--- START ---

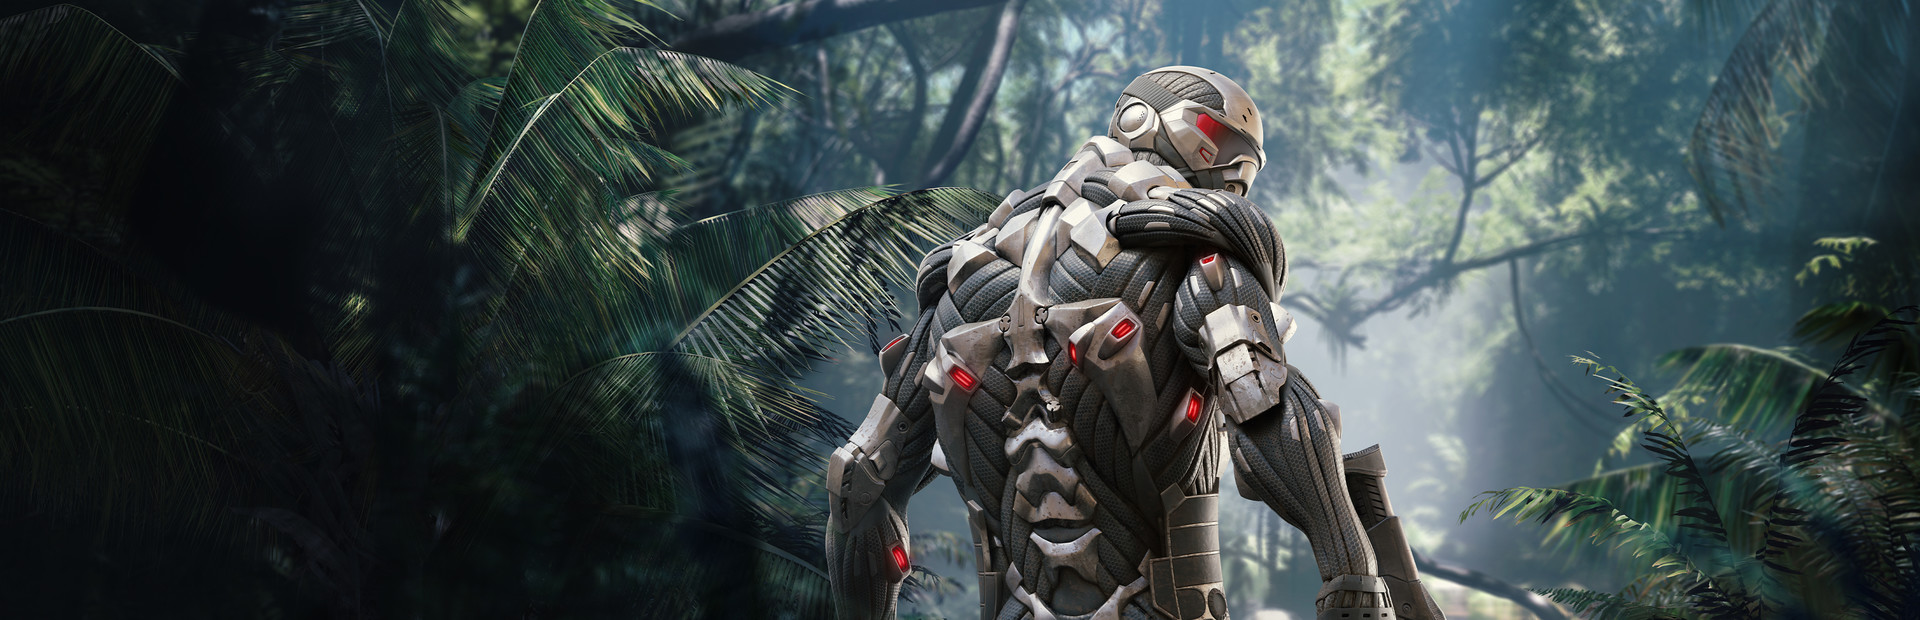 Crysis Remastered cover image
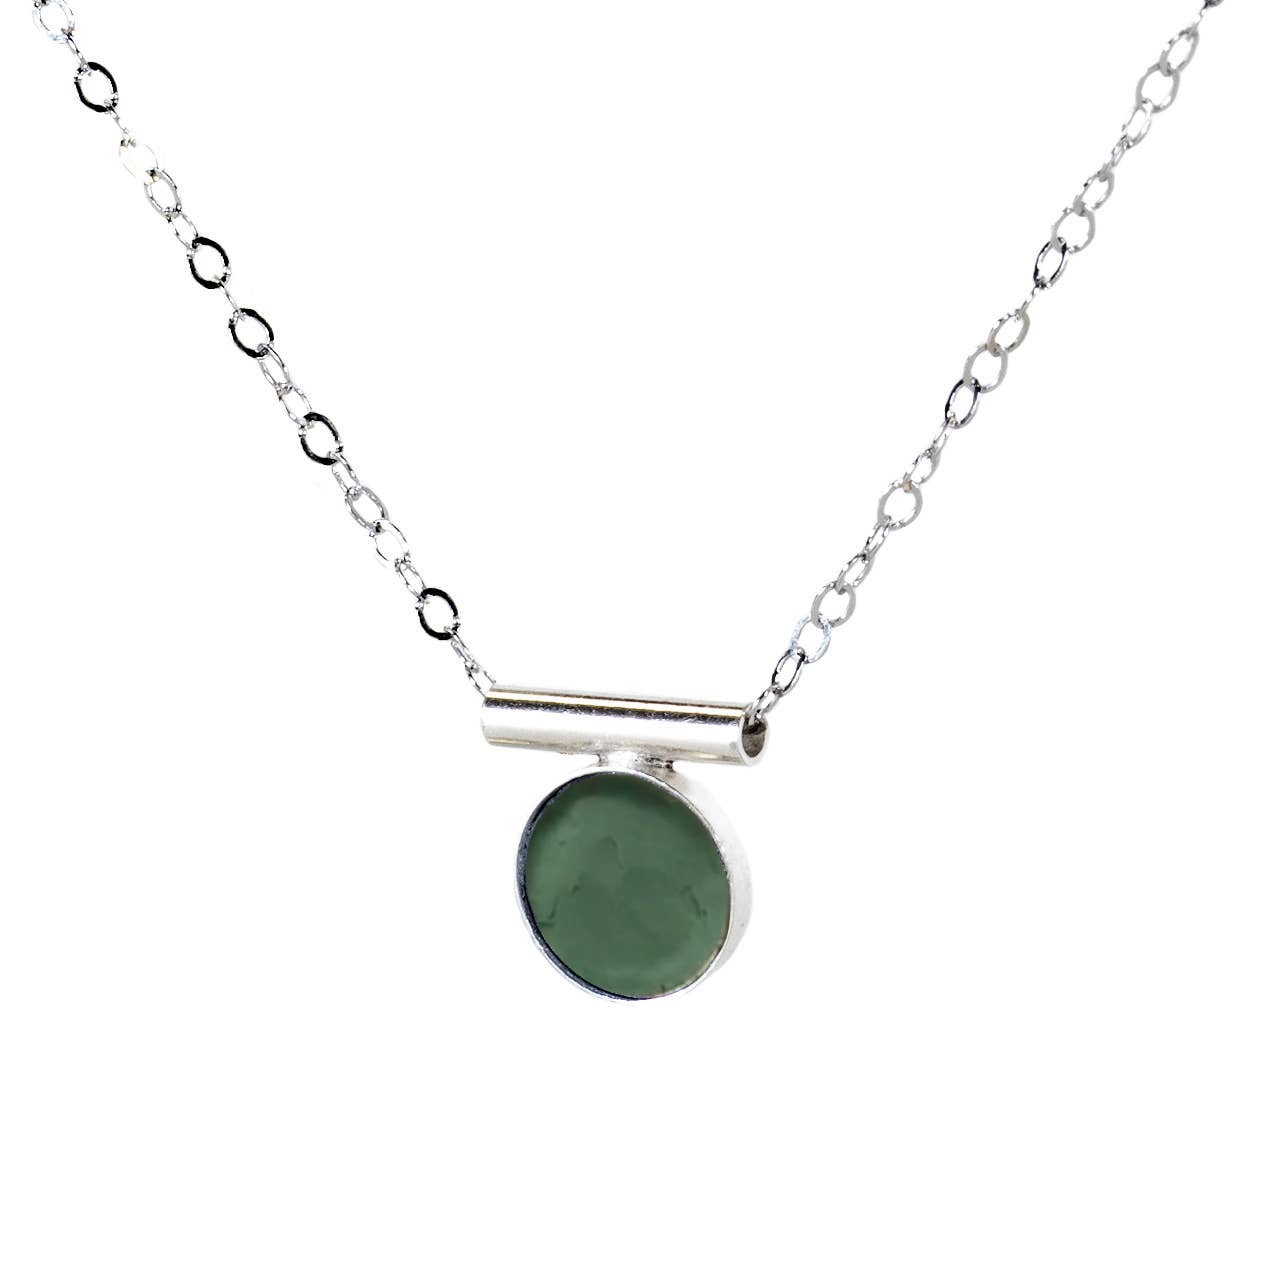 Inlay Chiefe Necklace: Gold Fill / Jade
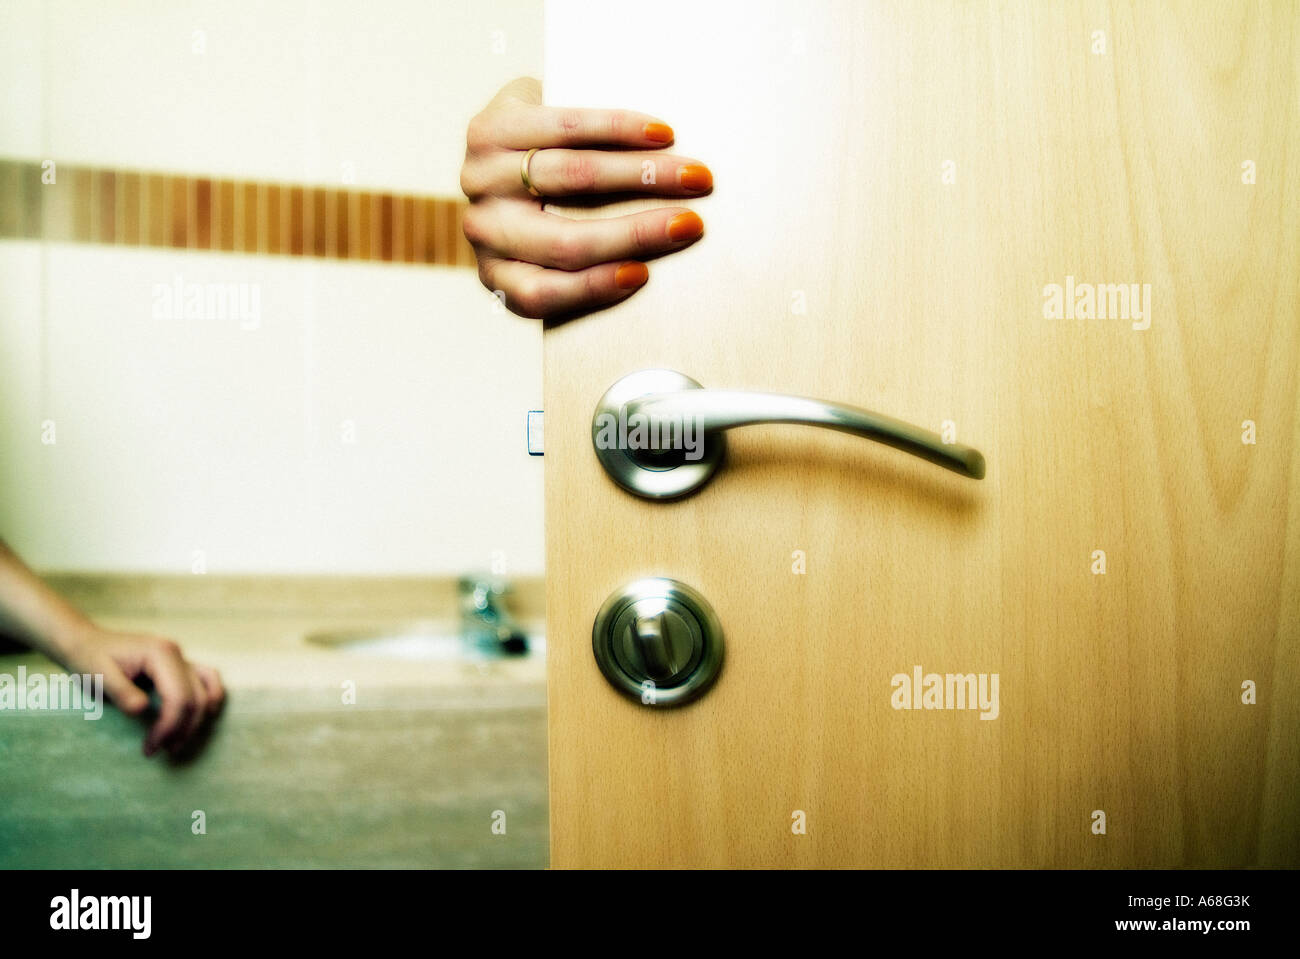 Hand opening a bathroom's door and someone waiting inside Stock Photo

--- END ---

Give back the material word for word, leaving out its pictures.

▶ [Task output]:
 Crysis Remastered cover image
 Inlay Chiefe Necklace: Gold Fill / Jade
 Hand opening a bathroom's door and someone waiting inside Stock Photo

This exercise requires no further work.